◆ What to do ◆
Where a picture appears, leave it out, and transcribe all the lines below exactly.

◆ Given information ◆
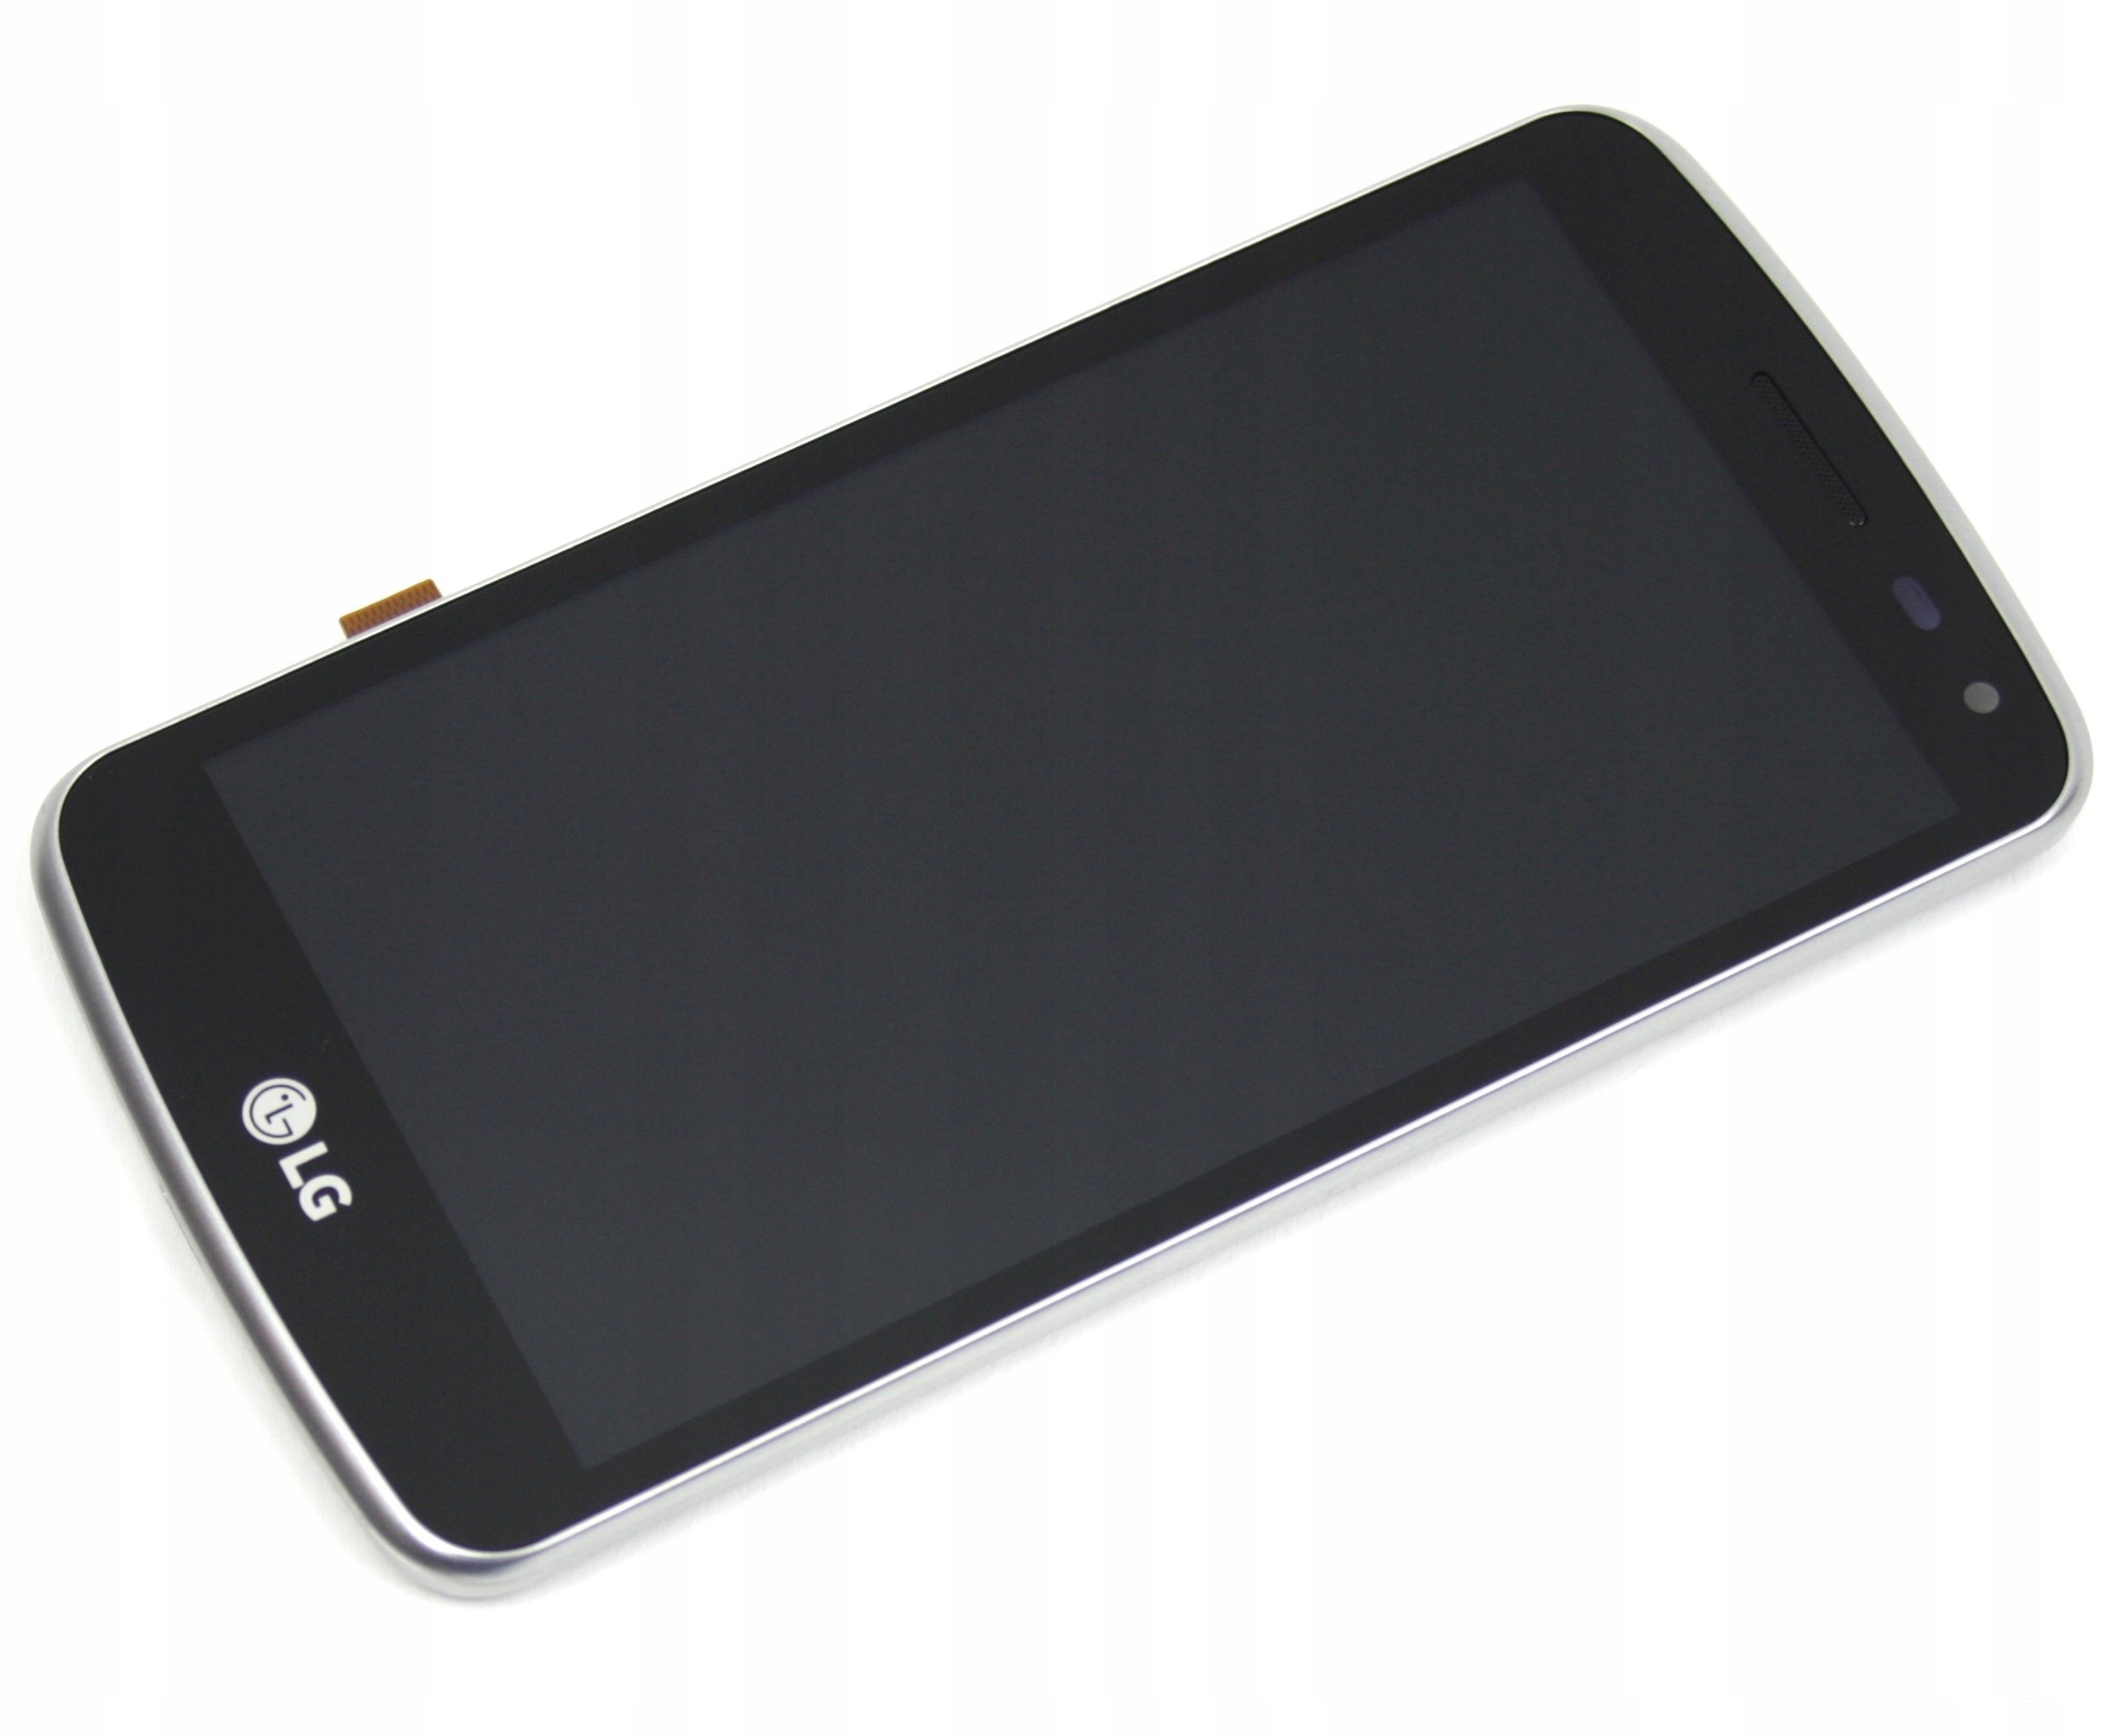 WYŚWIETLACZ Z DIGITIZEREM LG K5 X220 CZARNY ZE SREBRNĄ RAMKĄ - Wyświetlacze z digitizerami do telefonów
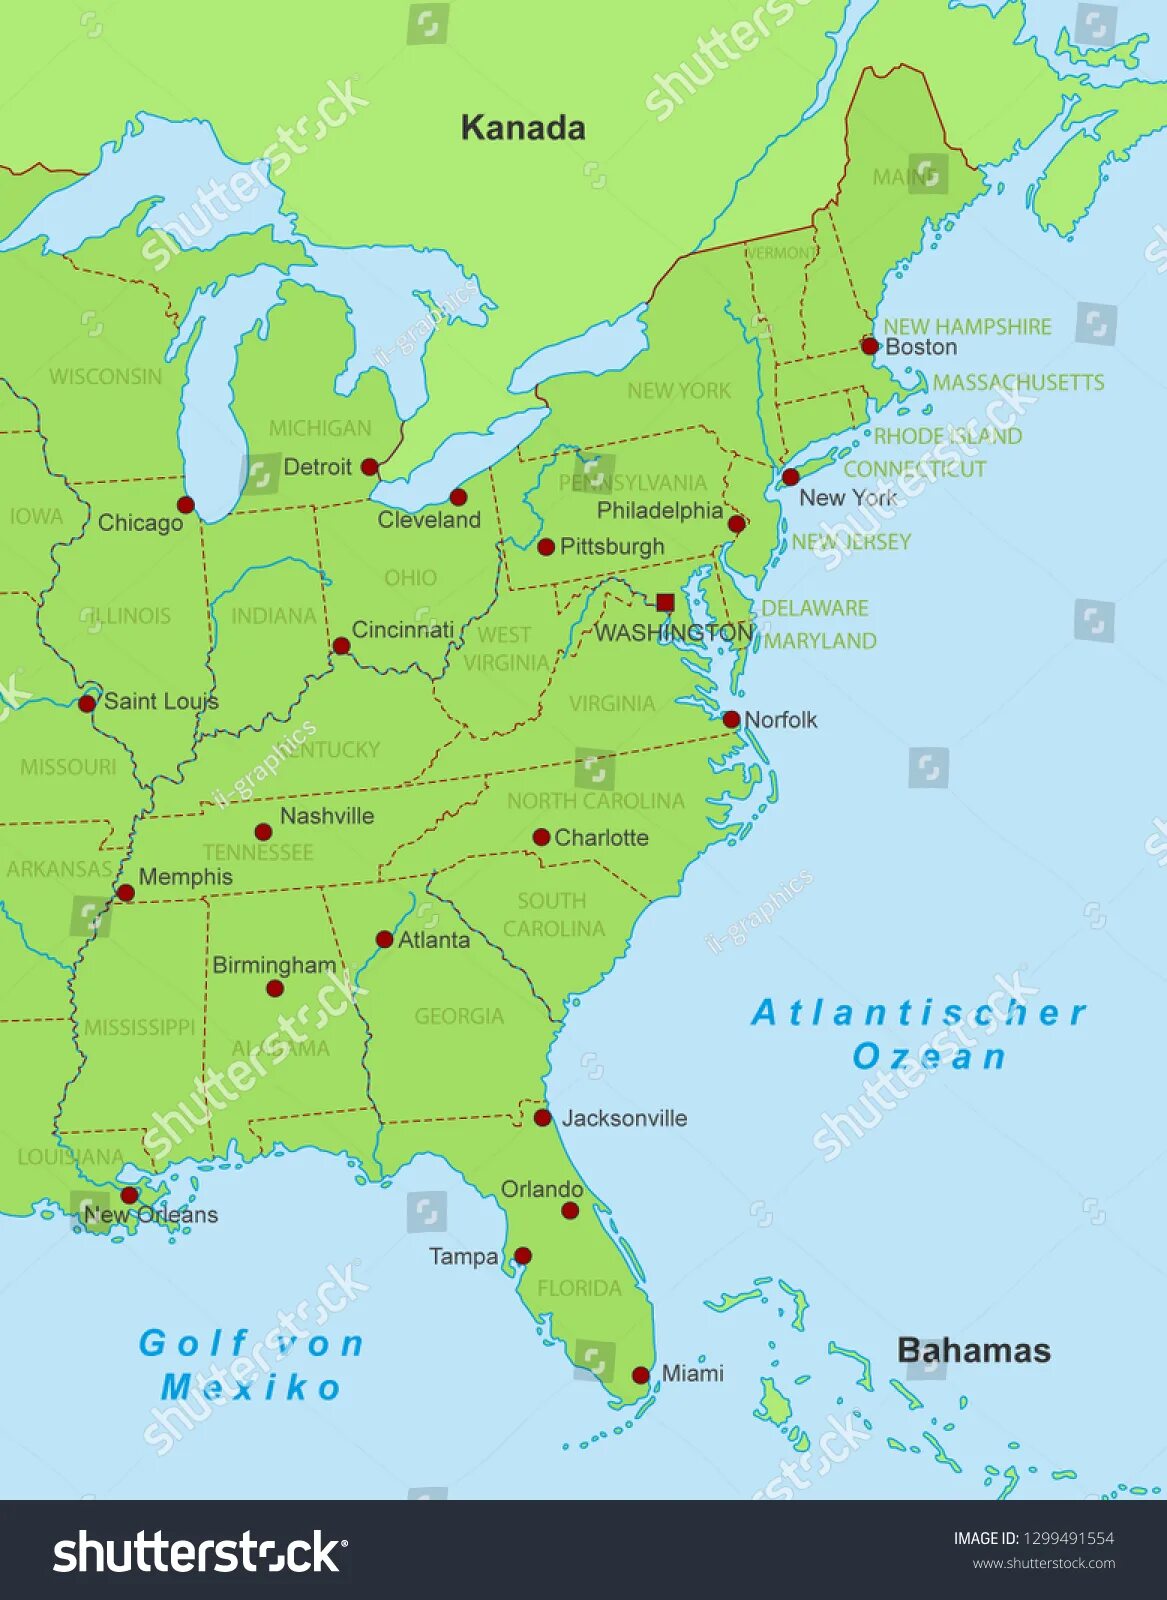 Восточное побережье Америки на карте. Восточное побережье США на карте. Восточного побережья Соединенных Штатов Америки на карте. Карта Штатов восточного побережья США.
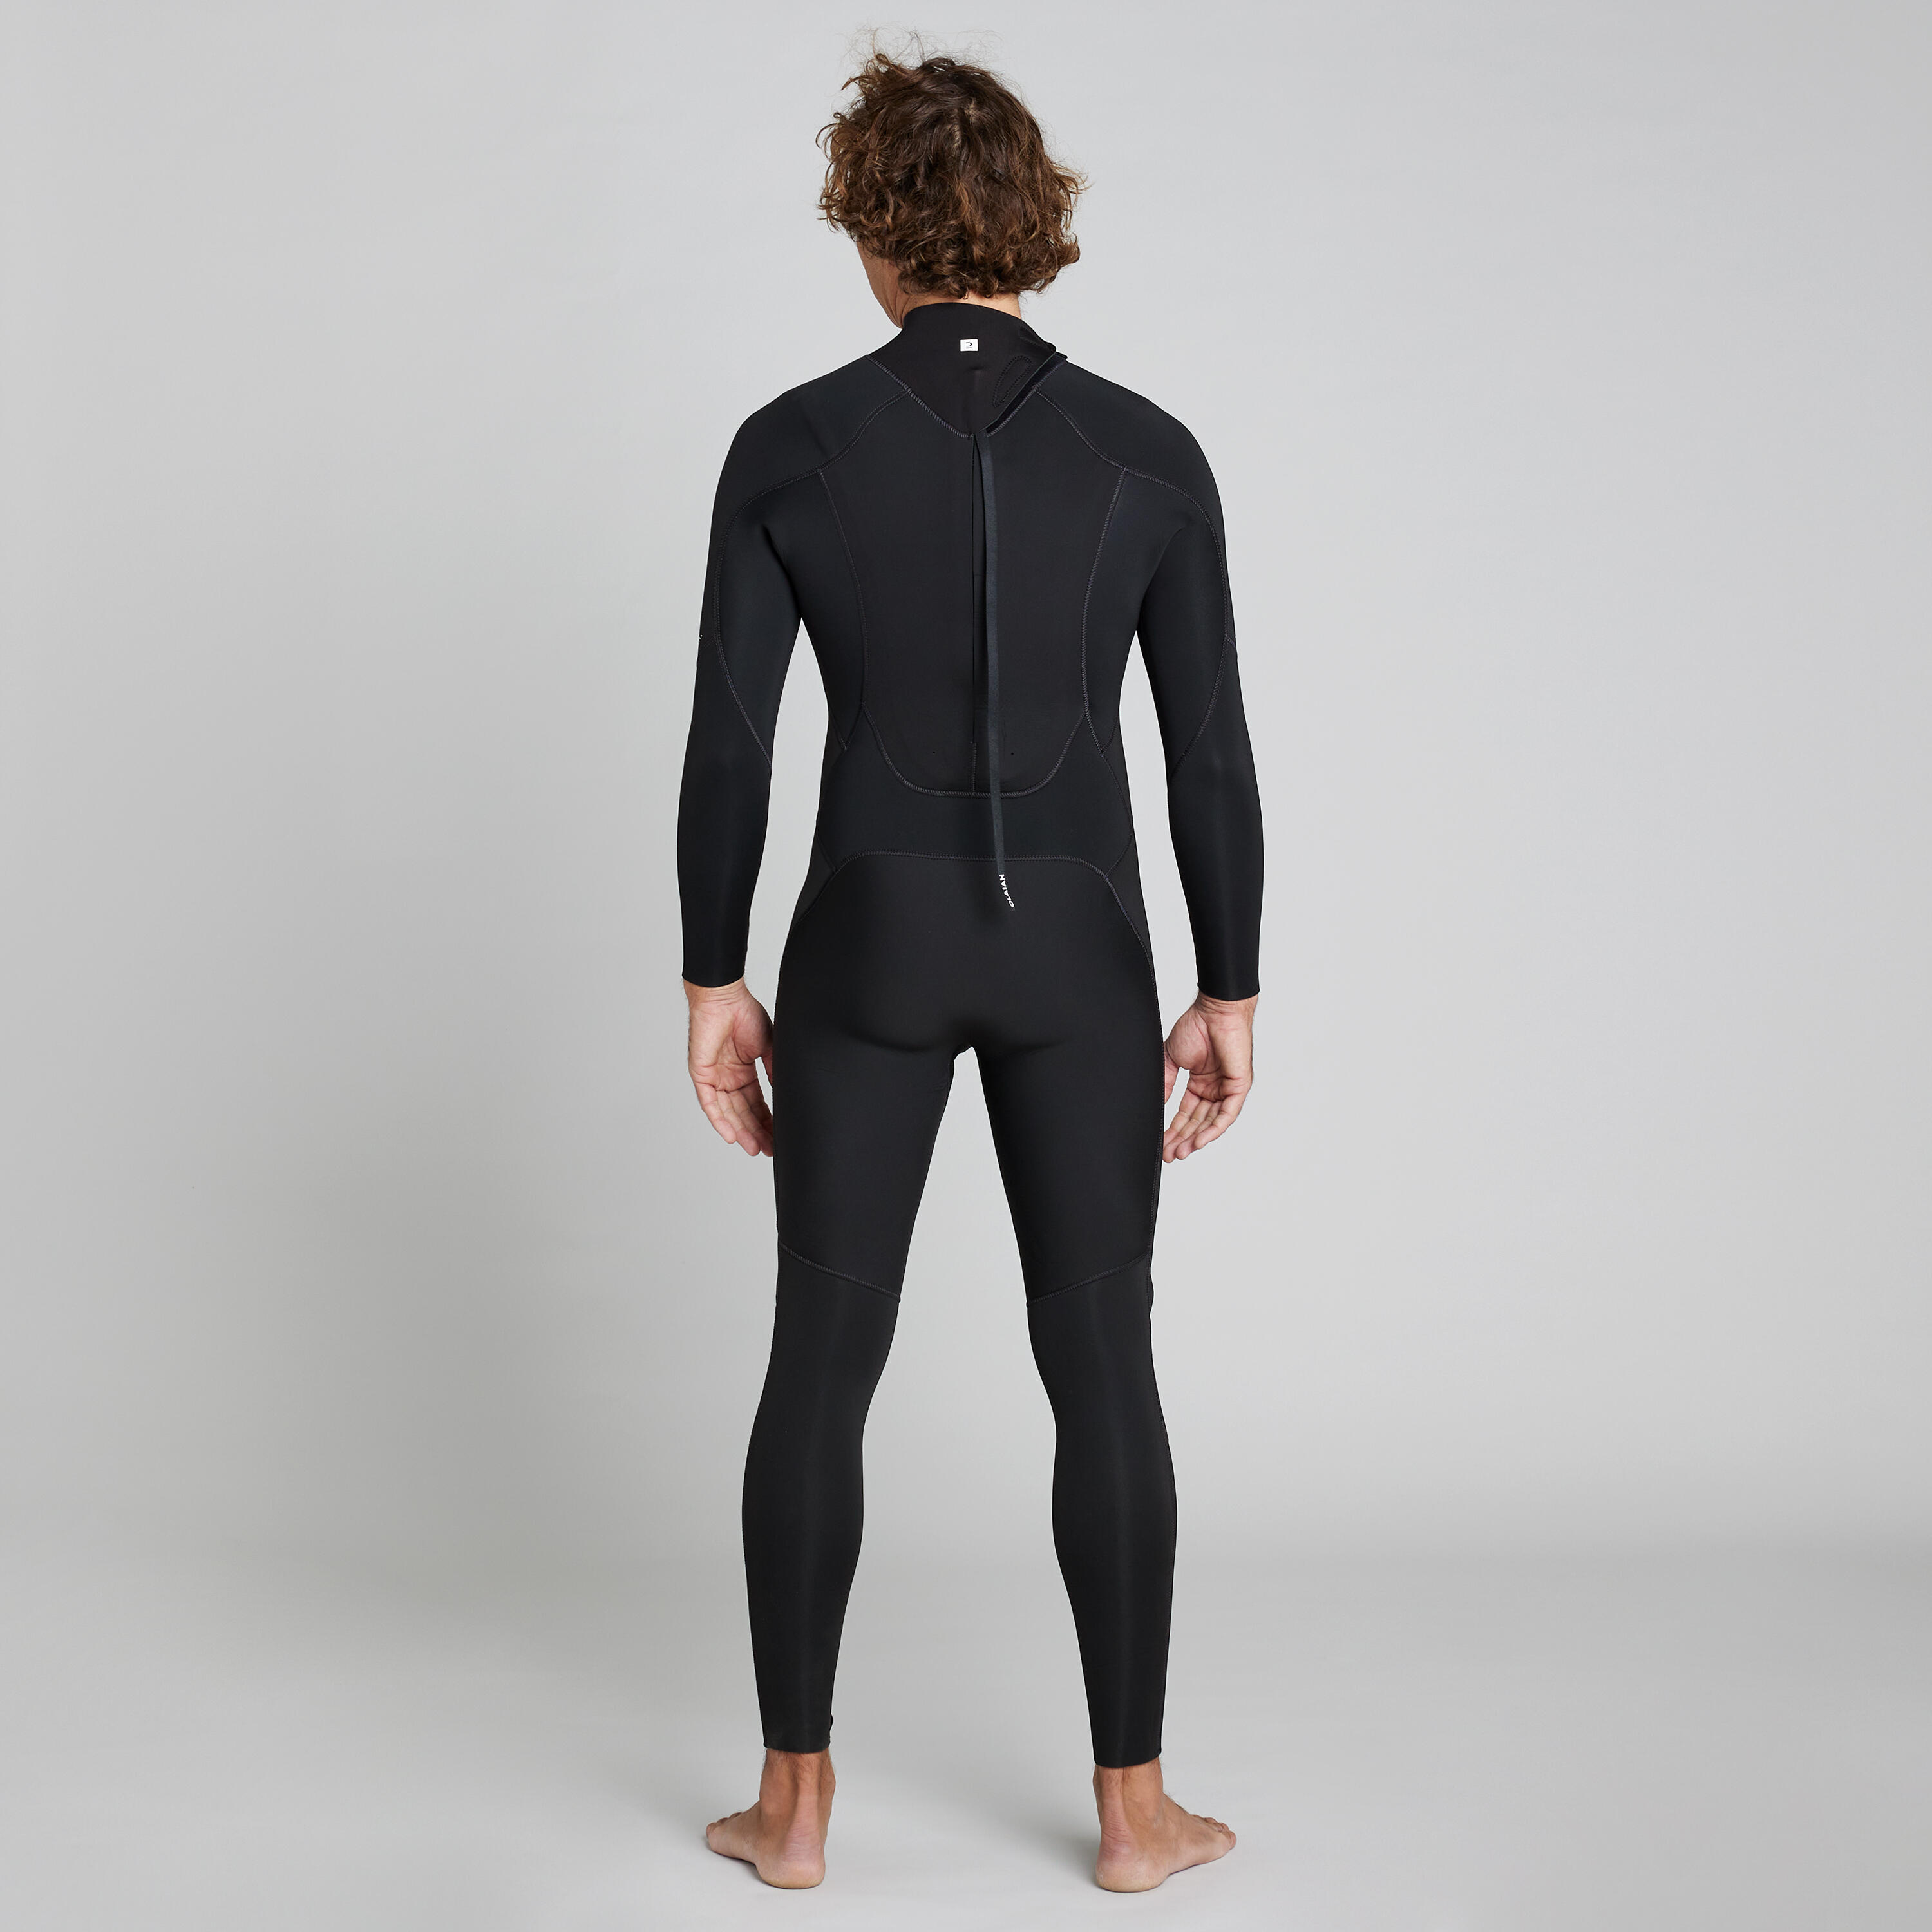 Men's 4/3 mm neoprene SURF 500 wetsuit black 12/13

◆ Task solution ◆
 WYŚWIETLACZ Z DIGITIZEREM LG K5 X220 CZARNY ZE SREBRNĄ RAMKĄ - Wyświetlacze z digitizerami do telefonów
 Восточное побережье Америки на карте. Восточное побережье США на карте. Восточного побережья Соединенных Штатов Америки на карте. Карта Штатов восточного побережья США.
 Men's 4/3 mm neoprene SURF 500 wetsuit black 12/13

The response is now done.